_TASK_
Below are some entries. Reproduce them word for word.

_Items from a dataset_
►

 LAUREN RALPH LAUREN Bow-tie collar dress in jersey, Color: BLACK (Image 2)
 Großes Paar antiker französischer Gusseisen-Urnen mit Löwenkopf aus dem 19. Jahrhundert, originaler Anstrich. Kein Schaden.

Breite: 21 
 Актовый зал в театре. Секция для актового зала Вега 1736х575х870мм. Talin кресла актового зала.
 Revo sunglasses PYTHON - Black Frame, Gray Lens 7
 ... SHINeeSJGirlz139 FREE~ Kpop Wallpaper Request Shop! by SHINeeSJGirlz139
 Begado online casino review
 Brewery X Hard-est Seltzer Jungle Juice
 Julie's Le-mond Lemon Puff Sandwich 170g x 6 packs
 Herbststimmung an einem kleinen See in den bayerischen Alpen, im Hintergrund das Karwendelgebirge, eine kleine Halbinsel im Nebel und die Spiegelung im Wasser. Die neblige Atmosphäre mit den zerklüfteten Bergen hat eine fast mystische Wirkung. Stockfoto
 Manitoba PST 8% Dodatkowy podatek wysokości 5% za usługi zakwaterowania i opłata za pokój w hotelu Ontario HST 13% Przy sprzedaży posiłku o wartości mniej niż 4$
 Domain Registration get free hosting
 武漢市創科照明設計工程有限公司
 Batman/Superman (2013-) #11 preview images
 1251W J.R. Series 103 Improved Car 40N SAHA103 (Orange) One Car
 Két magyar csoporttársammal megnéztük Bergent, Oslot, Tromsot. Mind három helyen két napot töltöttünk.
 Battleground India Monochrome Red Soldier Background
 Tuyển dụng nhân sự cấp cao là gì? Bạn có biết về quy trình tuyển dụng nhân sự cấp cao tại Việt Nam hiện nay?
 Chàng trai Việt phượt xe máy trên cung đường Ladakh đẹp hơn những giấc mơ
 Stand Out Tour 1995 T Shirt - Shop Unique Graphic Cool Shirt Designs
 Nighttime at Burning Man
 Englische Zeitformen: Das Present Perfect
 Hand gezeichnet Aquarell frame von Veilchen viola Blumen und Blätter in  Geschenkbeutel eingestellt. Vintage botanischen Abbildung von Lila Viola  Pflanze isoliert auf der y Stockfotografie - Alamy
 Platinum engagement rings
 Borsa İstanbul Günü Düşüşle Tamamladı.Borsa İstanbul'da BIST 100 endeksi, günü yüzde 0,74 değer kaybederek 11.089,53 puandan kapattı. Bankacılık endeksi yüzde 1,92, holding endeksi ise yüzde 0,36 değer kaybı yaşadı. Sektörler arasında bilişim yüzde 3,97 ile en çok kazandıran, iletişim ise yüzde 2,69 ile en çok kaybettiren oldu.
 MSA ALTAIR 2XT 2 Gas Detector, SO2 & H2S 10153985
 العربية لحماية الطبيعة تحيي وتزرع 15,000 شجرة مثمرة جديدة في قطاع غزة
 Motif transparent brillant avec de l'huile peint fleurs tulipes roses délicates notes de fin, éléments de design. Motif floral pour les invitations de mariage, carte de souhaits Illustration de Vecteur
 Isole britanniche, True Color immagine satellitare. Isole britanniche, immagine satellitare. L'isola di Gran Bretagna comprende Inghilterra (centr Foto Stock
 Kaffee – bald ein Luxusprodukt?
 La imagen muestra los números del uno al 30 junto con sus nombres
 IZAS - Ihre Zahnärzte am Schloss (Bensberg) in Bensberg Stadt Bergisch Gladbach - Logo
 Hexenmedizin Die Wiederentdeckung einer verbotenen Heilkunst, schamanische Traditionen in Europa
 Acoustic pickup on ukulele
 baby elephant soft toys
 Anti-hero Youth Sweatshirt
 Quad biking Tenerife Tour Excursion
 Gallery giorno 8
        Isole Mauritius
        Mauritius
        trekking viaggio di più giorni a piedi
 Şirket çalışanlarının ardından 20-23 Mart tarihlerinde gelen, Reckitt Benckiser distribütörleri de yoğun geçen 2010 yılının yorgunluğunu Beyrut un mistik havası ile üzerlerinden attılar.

◄

_RESPONSE BOX_
 LAUREN RALPH LAUREN Bow-tie collar dress in jersey, Color: BLACK (Image 2)
 Großes Paar antiker französischer Gusseisen-Urnen mit Löwenkopf aus dem 19. Jahrhundert, originaler Anstrich. Kein Schaden.

Breite: 21 
 Актовый зал в театре. Секция для актового зала Вега 1736х575х870мм. Talin кресла актового зала.
 Revo sunglasses PYTHON - Black Frame, Gray Lens 7
 ... SHINeeSJGirlz139 FREE~ Kpop Wallpaper Request Shop! by SHINeeSJGirlz139
 Begado online casino review
 Brewery X Hard-est Seltzer Jungle Juice
 Julie's Le-mond Lemon Puff Sandwich 170g x 6 packs
 Herbststimmung an einem kleinen See in den bayerischen Alpen, im Hintergrund das Karwendelgebirge, eine kleine Halbinsel im Nebel und die Spiegelung im Wasser. Die neblige Atmosphäre mit den zerklüfteten Bergen hat eine fast mystische Wirkung. Stockfoto
 Manitoba PST 8% Dodatkowy podatek wysokości 5% za usługi zakwaterowania i opłata za pokój w hotelu Ontario HST 13% Przy sprzedaży posiłku o wartości mniej niż 4$
 Domain Registration get free hosting
 武漢市創科照明設計工程有限公司
 Batman/Superman (2013-) #11 preview images
 1251W J.R. Series 103 Improved Car 40N SAHA103 (Orange) One Car
 Két magyar csoporttársammal megnéztük Bergent, Oslot, Tromsot. Mind három helyen két napot töltöttünk.
 Battleground India Monochrome Red Soldier Background
 Tuyển dụng nhân sự cấp cao là gì? Bạn có biết về quy trình tuyển dụng nhân sự cấp cao tại Việt Nam hiện nay?
 Chàng trai Việt phượt xe máy trên cung đường Ladakh đẹp hơn những giấc mơ
 Stand Out Tour 1995 T Shirt - Shop Unique Graphic Cool Shirt Designs
 Nighttime at Burning Man
 Englische Zeitformen: Das Present Perfect
 Hand gezeichnet Aquarell frame von Veilchen viola Blumen und Blätter in  Geschenkbeutel eingestellt. Vintage botanischen Abbildung von Lila Viola  Pflanze isoliert auf der y Stockfotografie - Alamy
 Platinum engagement rings
 Borsa İstanbul Günü Düşüşle Tamamladı.Borsa İstanbul'da BIST 100 endeksi, günü yüzde 0,74 değer kaybederek 11.089,53 puandan kapattı. Bankacılık endeksi yüzde 1,92, holding endeksi ise yüzde 0,36 değer kaybı yaşadı. Sektörler arasında bilişim yüzde 3,97 ile en çok kazandıran, iletişim ise yüzde 2,69 ile en çok kaybettiren oldu.
 MSA ALTAIR 2XT 2 Gas Detector, SO2 & H2S 10153985
 العربية لحماية الطبيعة تحيي وتزرع 15,000 شجرة مثمرة جديدة في قطاع غزة
 Motif transparent brillant avec de l'huile peint fleurs tulipes roses délicates notes de fin, éléments de design. Motif floral pour les invitations de mariage, carte de souhaits Illustration de Vecteur
 Isole britanniche, True Color immagine satellitare. Isole britanniche, immagine satellitare. L'isola di Gran Bretagna comprende Inghilterra (centr Foto Stock
 Kaffee – bald ein Luxusprodukt?
 La imagen muestra los números del uno al 30 junto con sus nombres
 IZAS - Ihre Zahnärzte am Schloss (Bensberg) in Bensberg Stadt Bergisch Gladbach - Logo
 Hexenmedizin Die Wiederentdeckung einer verbotenen Heilkunst, schamanische Traditionen in Europa
 Acoustic pickup on ukulele
 baby elephant soft toys
 Anti-hero Youth Sweatshirt
 Quad biking Tenerife Tour Excursion
 Gallery giorno 8
        Isole Mauritius
        Mauritius
        trekking viaggio di più giorni a piedi
 Şirket çalışanlarının ardından 20-23 Mart tarihlerinde gelen, Reckitt Benckiser distribütörleri de yoğun geçen 2010 yılının yorgunluğunu Beyrut un mistik havası ile üzerlerinden attılar.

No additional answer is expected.